TO DISCUSS ENCRYPTION AS AN INFORMATION SECURITY TOOL
Introduction
Organisations and even individuals, rely on computers to create, store, and manage critical information. It is important that
organizations and individuals must ensure that sensitive data and information is secure because a good amount of such
information is critical to their sustained existence and growth and even processing capability.
Confidential information that organizations own is exposed to computer security risk of information theft, both over the
companys network and on the internet. Information theft occurs when someone steals personal or confidential information.

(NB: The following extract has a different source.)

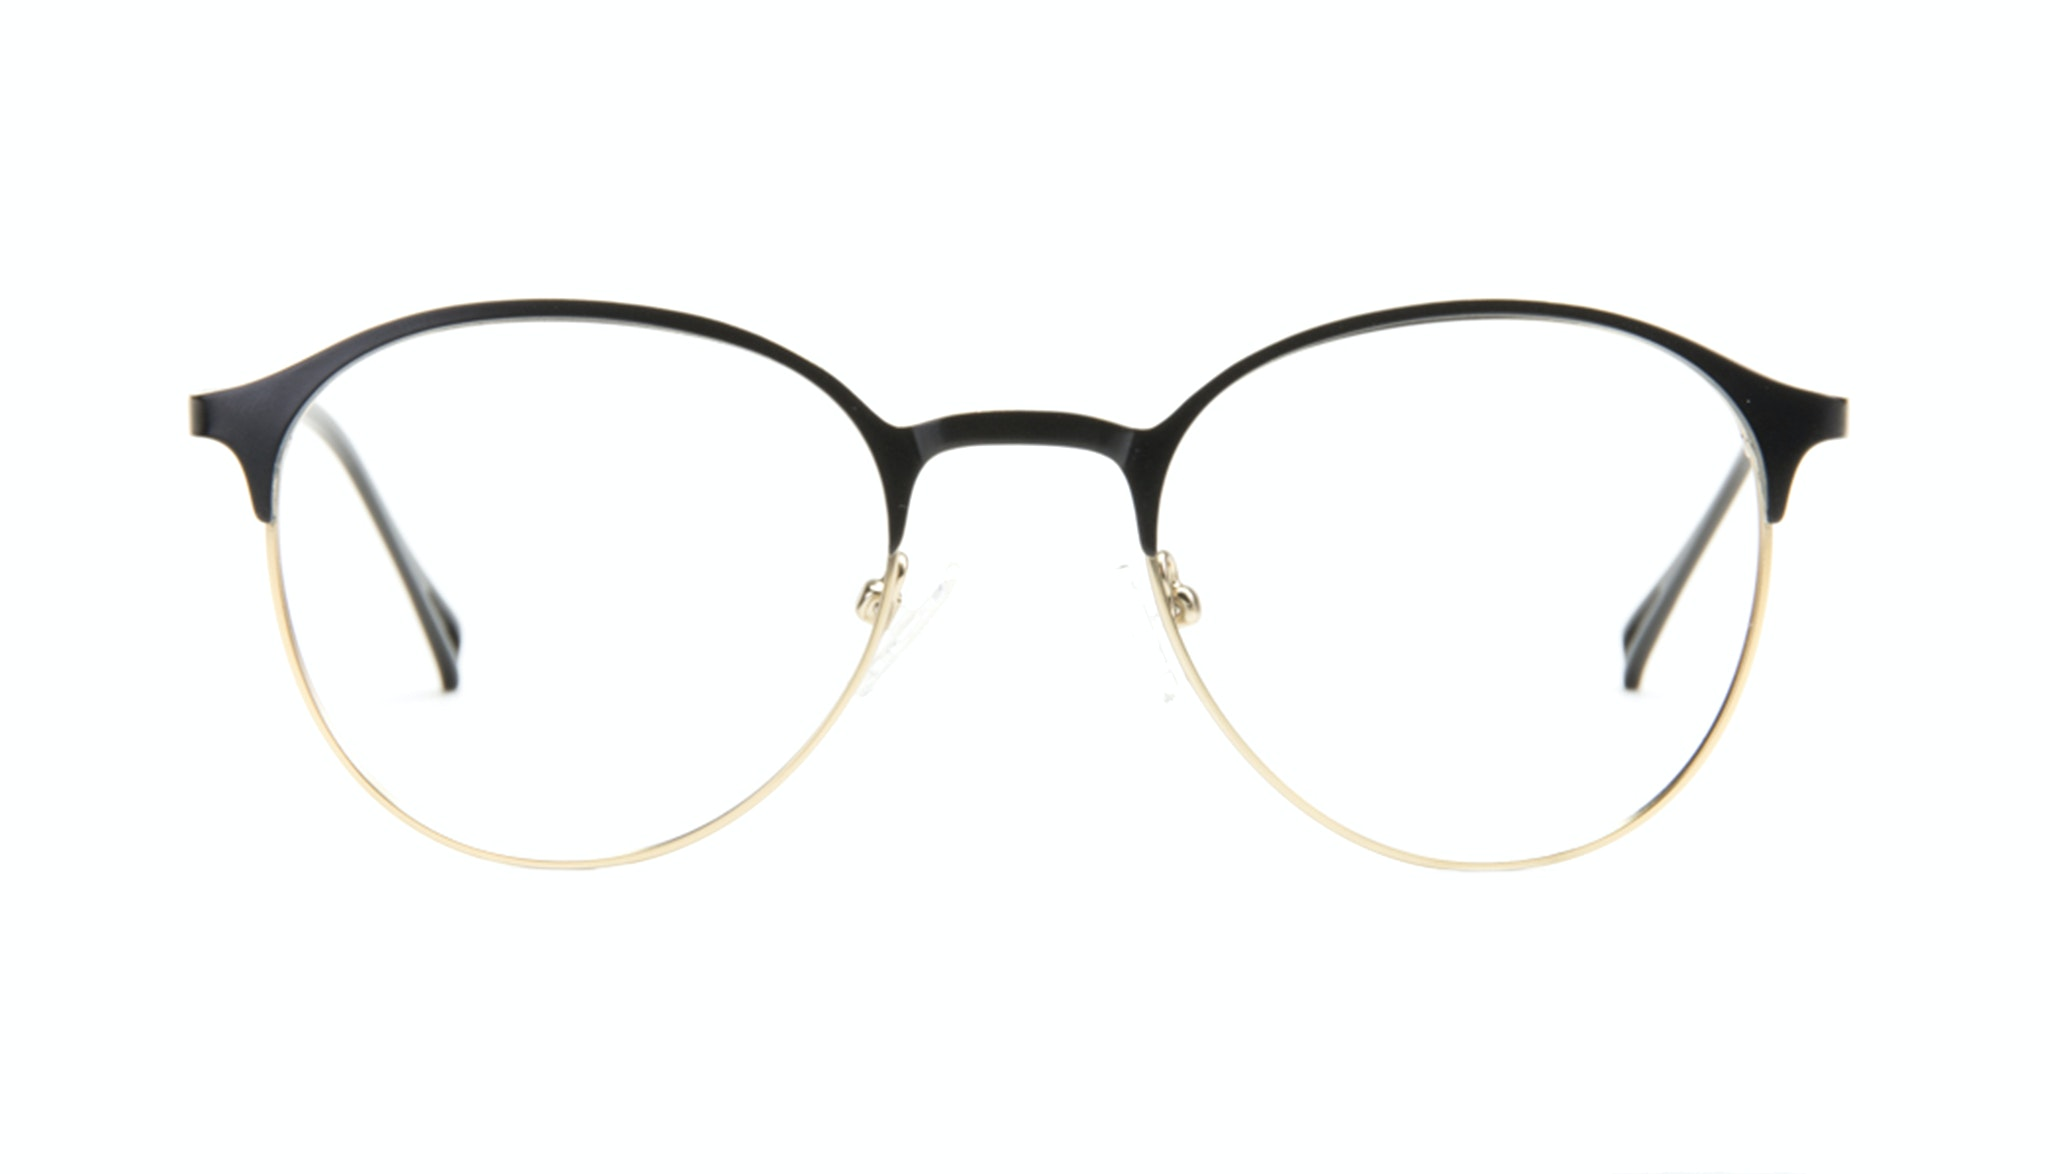 Affordable Fashion Glasses Round Eyeglasses Women Bay Deep Gold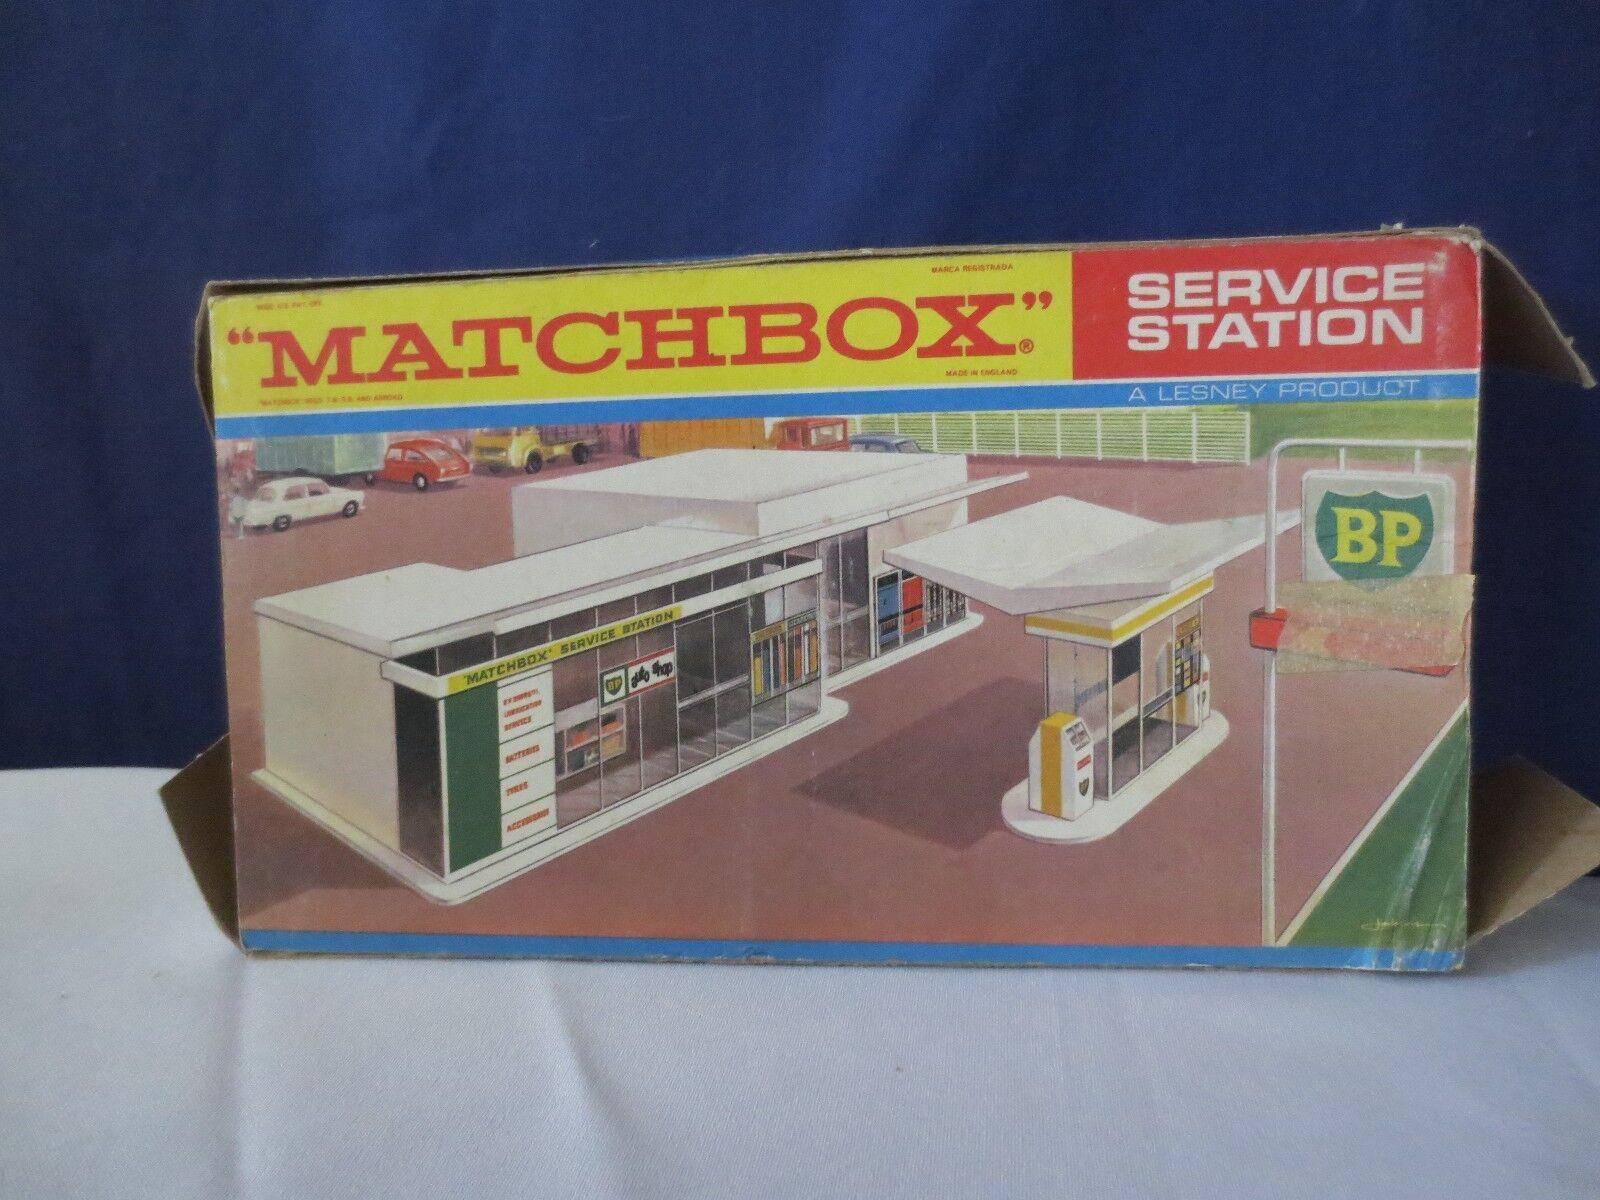 Vintage Lesney Matchbox BP Service Station MG-1 Made in ENGLAND  RARE

Both business and individual users can fall victim to information theft. An unethical company executive may steal or buy
stolen information to learn about a competitor. A corrupt individual may steal credit card numbers to make fraudulent
purchases. Information transmitted over networks offers a higher degree of risk because unscrupulous users can intercept it
during transmission.
The importance of information and data security is such vital and does not need to be emphasised. Furthermore, data
security will ensure confidentiality, integrity, and availability of business data.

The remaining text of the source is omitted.